Но его сочувствие только злит ее еще больше. Почему это он должен выходить сухим из воды? Да, за рулем сидела она, но во всем остальном-то он виноват! Он виноват!
— А что мне делать с твоей жалостью? Господи, Говард, а если бы на дорогу выбежала не собака, а та маленькая девочка? Что бы ты тогда сказал? “Мне очень жаль”?
Опустив голову, Говард что-то раскаянно бормочет.
— Почему ты просто не делаешь что-то, а все время говоришь, что собираешься это сделать? Тебе нужно иногда думать, Говард, у тебя ведь есть обязанности, нельзя просто так витать в собственном маленьком мире, зарываться во все эти книжки и воображать, будто ты дерешься с нацистами…
— С немцами, — отвечает Говард, глядя в пол.
— Что?
— Нацисты были во Второй мировой. А я занимаюсь Первой.
— О боже! Да ты хоть слушаешь меня? Ты хоть отдаешь себе отчет в том, что живешь здесь? Или я просто призрак, который отвлекает тебя от чтения? Ты должен быть внимательнее, Говард, ты должен более чутко относиться к людям, которые тебя окружают, которые зависят от тебя! Хоть тебе это и кажется скучным — но это же твоя жизнь!
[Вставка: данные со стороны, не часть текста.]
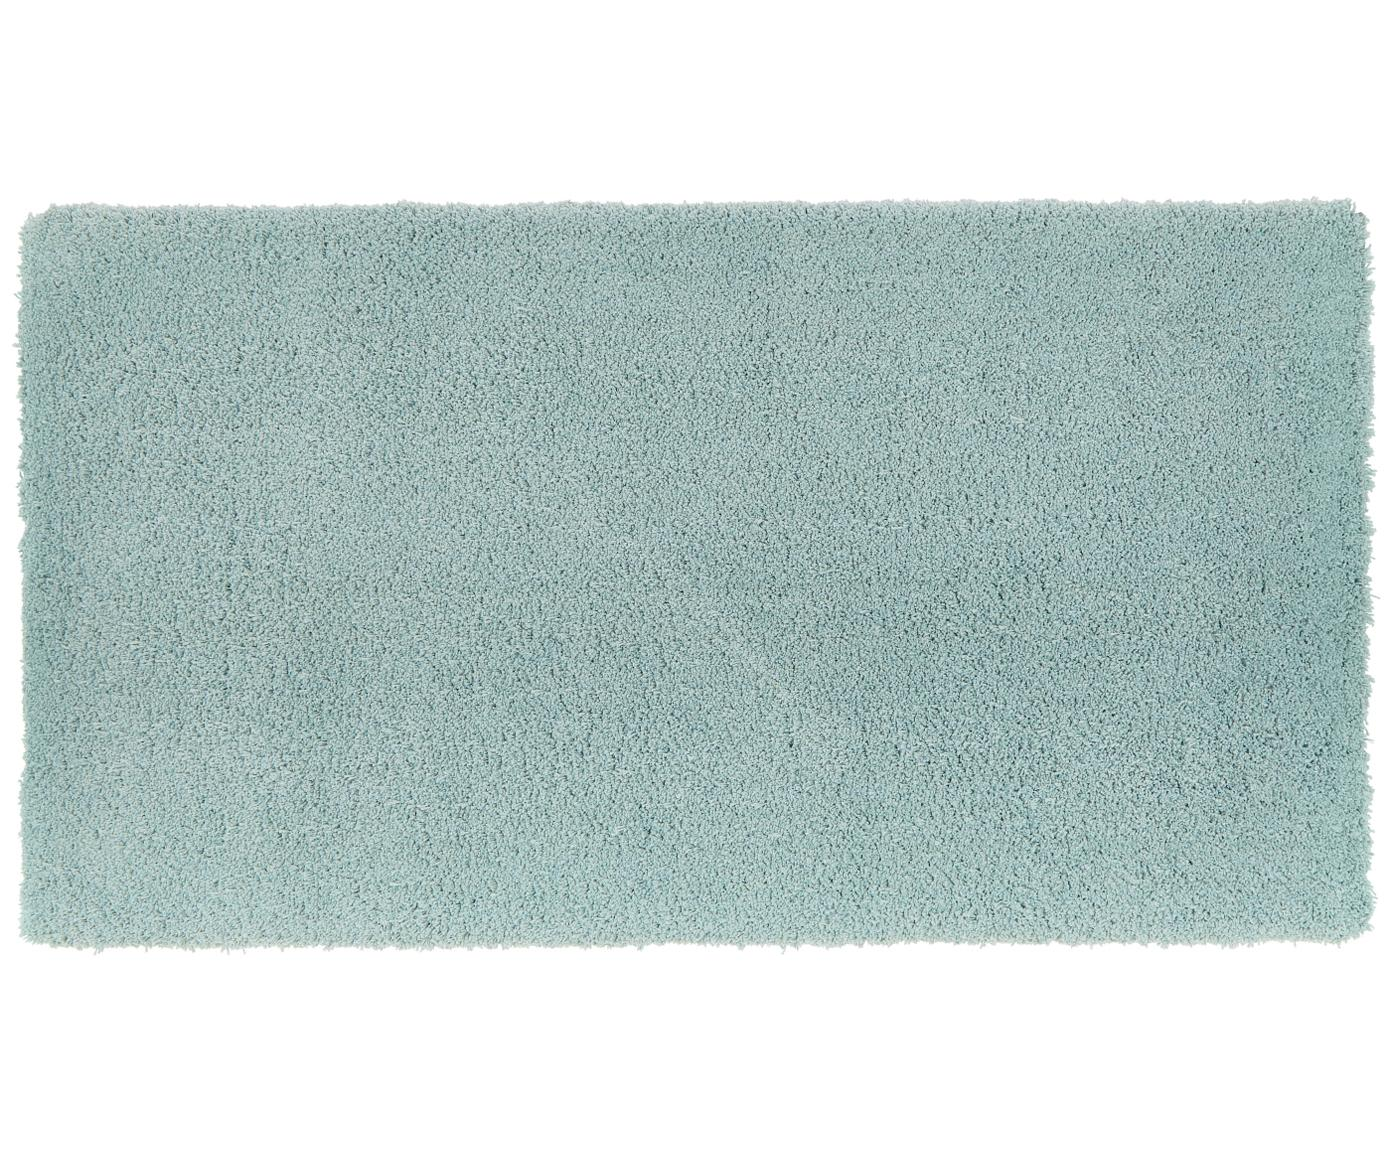 Flauschiger Hochflor-Teppich Leighton in Mintgrün, Flor: 100% Polyester (Mikrofase, Mintgrün, B 80 x L 150 cm (Grösse XS)

Она выпаливает все это, не щадя его, яростно выплескивая на него все раздражение, накопившееся за несколько последних недель, и даже больше; Говард выслушивает ее молча, сгорбив плечи, закатив глаза так, как будто у него заболел живот. И чем больше она распекает его, тем больше он морщит лоб — то ли от смущения, то ли от сильной боли, — тем больше сутулится, пока наконец она вдруг не задумывается: а вдруг ему действительно плохо, вдруг его сейчас стошнит? Но тут он неожиданно садится на ручку кресла и говорит — тихо, будто сам себе:
— Я больше не могу так жить.
— Что? — переспрашивает Хэлли.
— Извини, мне очень жаль, — произносит Говард сдавленным голосом.
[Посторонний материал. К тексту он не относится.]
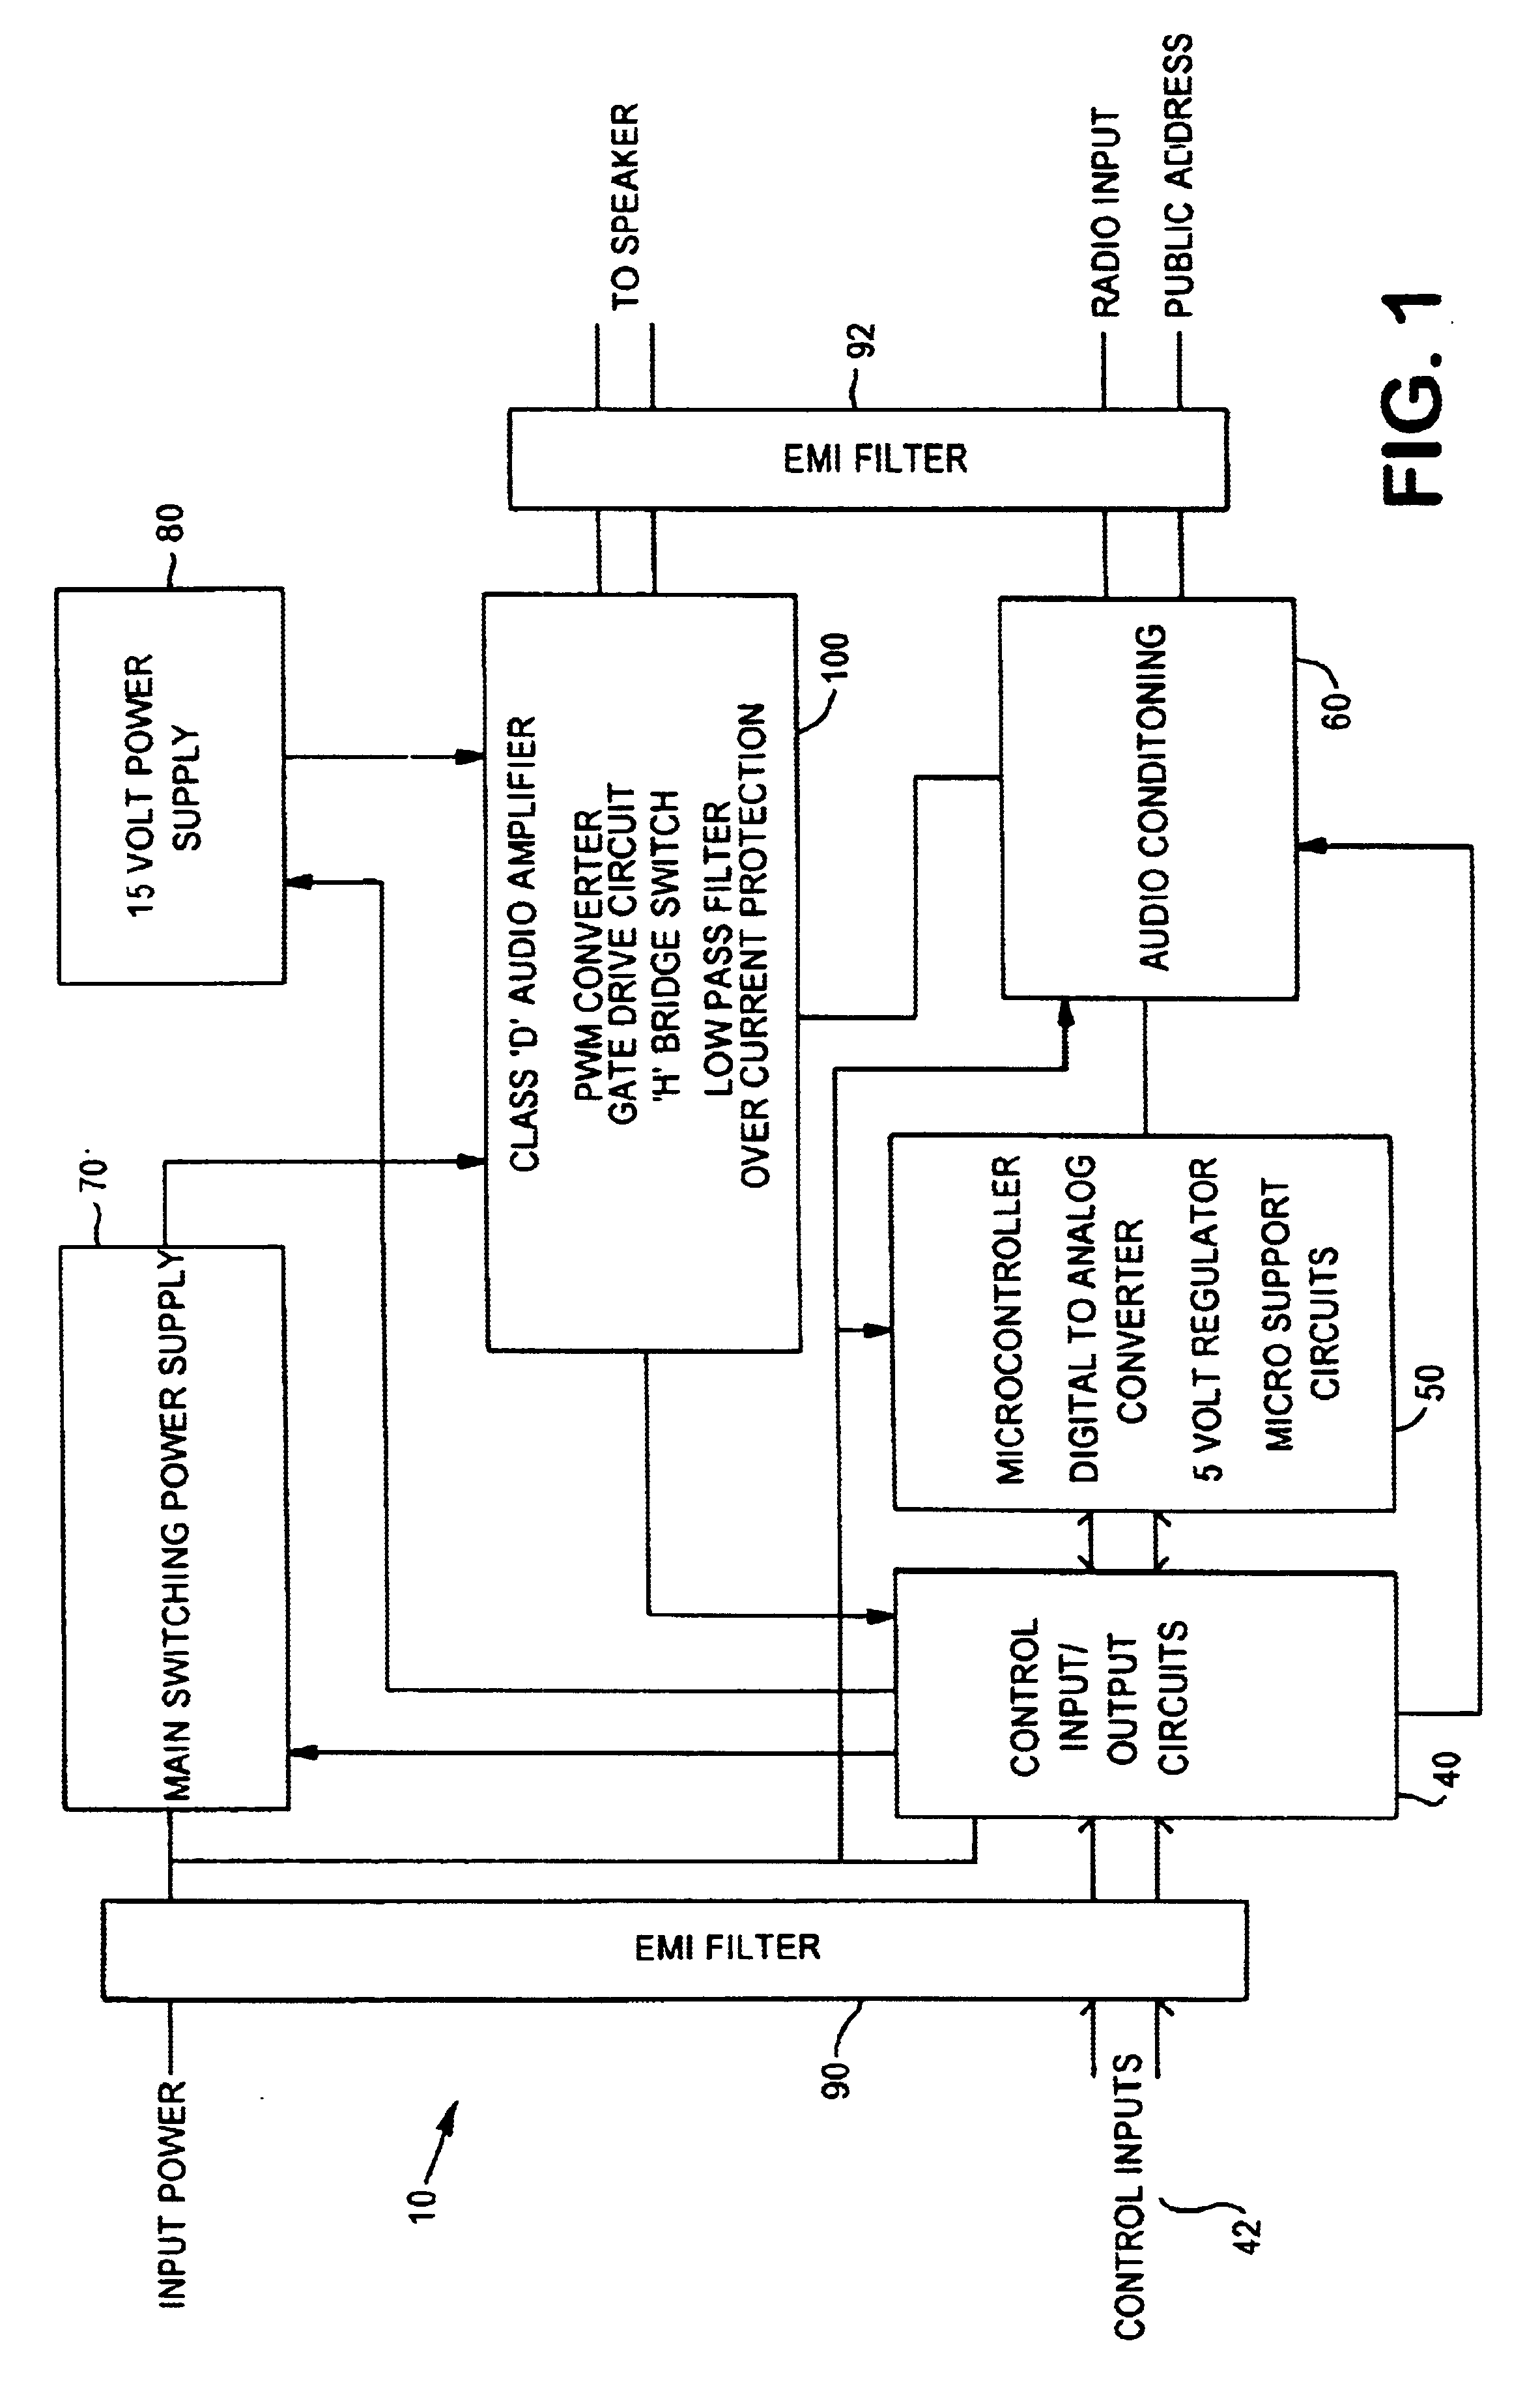 911ep Td39rab Wiring Diagram

На каком-то подсознательном уровне она, пожалуй, догадывается о том, что сейчас произойдет, потому что у нее уже появляется такое чувство, будто ее ударили в живот; в легких словно не осталось больше воздуха, ей как будто не удается заново вдохнуть. Только не теперь, думает она, только не теперь! Но вот он уже взахлеб рассказывает ей о Роберте Грейвзе и Хэллоуине, о “Диких лошадях” и глобальном потеплении, о временной учительнице географии, которая пьет коктейли “космополитен”… Все это ливнем обрушивается на Хэлли, и не успевает она собрать по кусочкам смысл всех этих слов, как кровь уже отхлынула от ее лица, а в пальцах зазвенела пустота…
А какая-то ее часть все еще думает о феминизме! Эта ее часть думает обо всех этих женщинах, боровшихся за свои права, и со стыдом чувствует, что сейчас предает их, потому что, по мере того как разворачивается история его измены, она ощущает лишь, как распадается на части, буквально дробится на куски, ее как будто превратили в грязь и размазали по всему полу; он говорит ей, что сам не может понять, что чувствует, чего хочет, — а она хочет лишь, чтобы он заново собрал ее из этой грязи, вернул ей ее прежнюю; ей хочется плакать, просить и умолять, чтобы он взял назад все сказанные сейчас слова, обнял бы ее, сказал ей, что ничего не изменилось, что все в порядке. Но, разумеется, ничего этого не происходит.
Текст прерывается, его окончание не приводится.